Generating credits based on "avoidance" leaves a wide gap for accounting gimmicks. There is hardly a concise way to measure a baseline and establish counter-factual conditions. Hypothetically, if a forestry project or investment did not occur, how much CO2 could that land area absorb? Well, it depends on whether the forest was preserved or whether it was logged. The project developer and purchaser of credits can try and claim either, depending on their strength of justification. If players in the market can reduce initial baseline estimates for "what would have happened," one can grossly over credit projects. Research organization Carbon Plan recently performed a comprehensive evaluation of California's forest offset programs - the largest in existence, worth roughly $2 billion - and found that 29% of all offset issues were over credited. 29% works out to approximately 30 million tCO2, worth roughly $410 million.

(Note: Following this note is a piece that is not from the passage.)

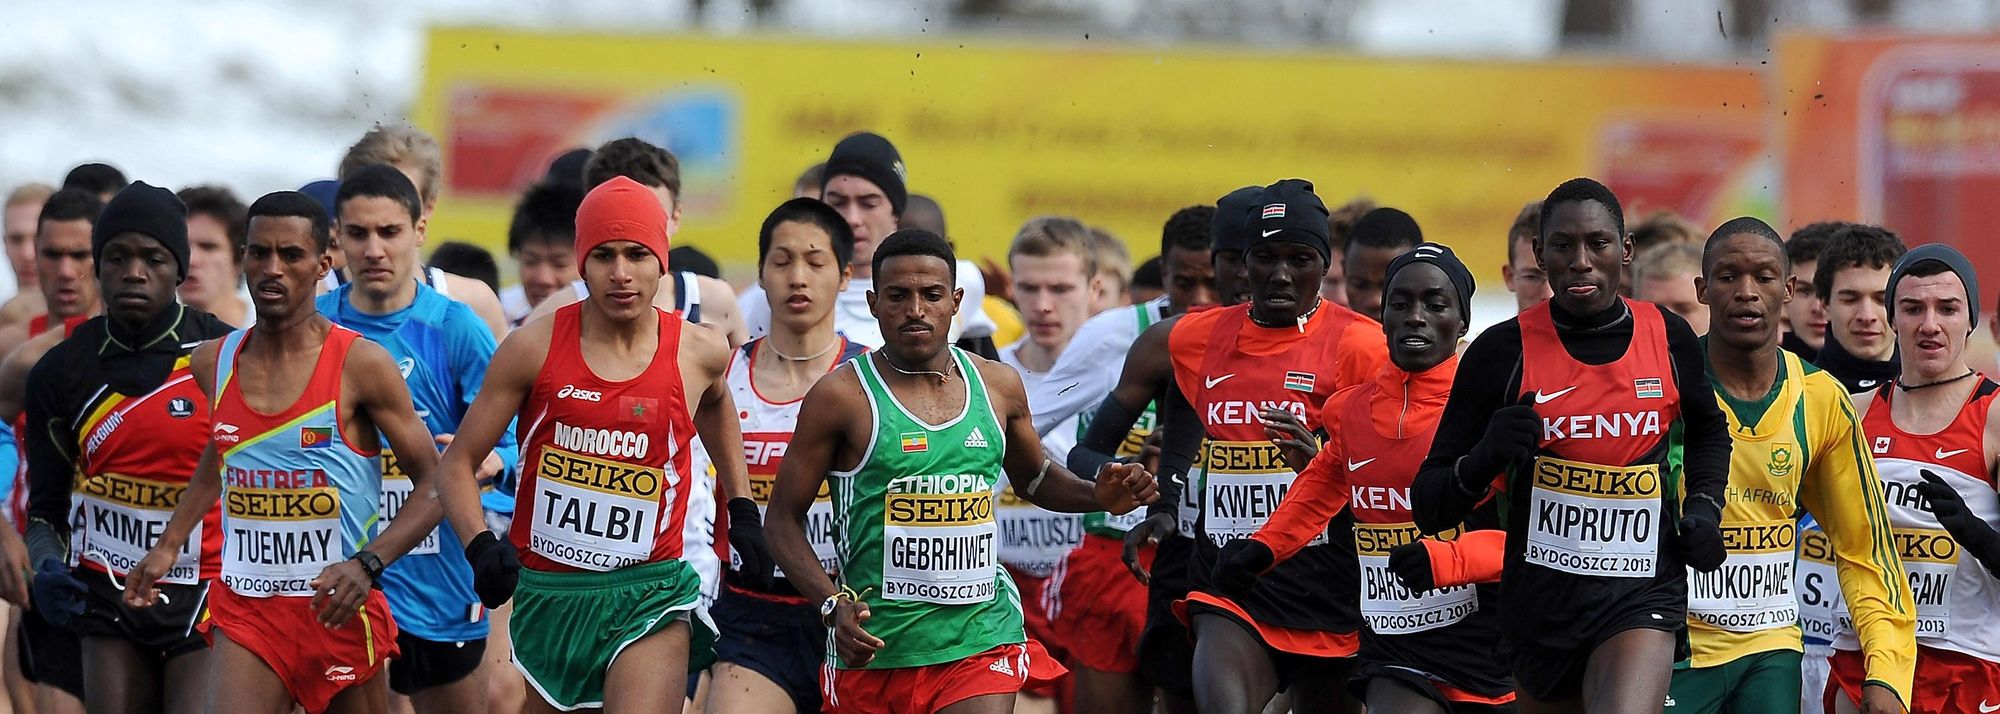 For those members of the media and teams who made it to the 40th IAAF World Cross Country Championships in the Polish city of Bydgoszcz, the detailed analysis provided of the junior men's race provided made jaw-dropping reading on Sunday evening (24).

Carbon credit markets will be an important tool for governments and corporations as they tackle ambitious decarbonization goals. The market demand for a liquid and legitimate carbon price seems evident. The pace of growth may, in part, be dictated by events next week at COP26. Critically, however, the accounting concerns evident in the private sector today should not be dismissed. If the market is continually flooded with ill-legitimate financial claims on realized emission reductions, we may lose the opportunity to utilize market price signals on an externality that needs to be considered by global economies.
[1] COP26 will refer to this topic specifically as the “corresponding adjustment”.
[2] S&P Global Platts.
[3] Carbon Direct.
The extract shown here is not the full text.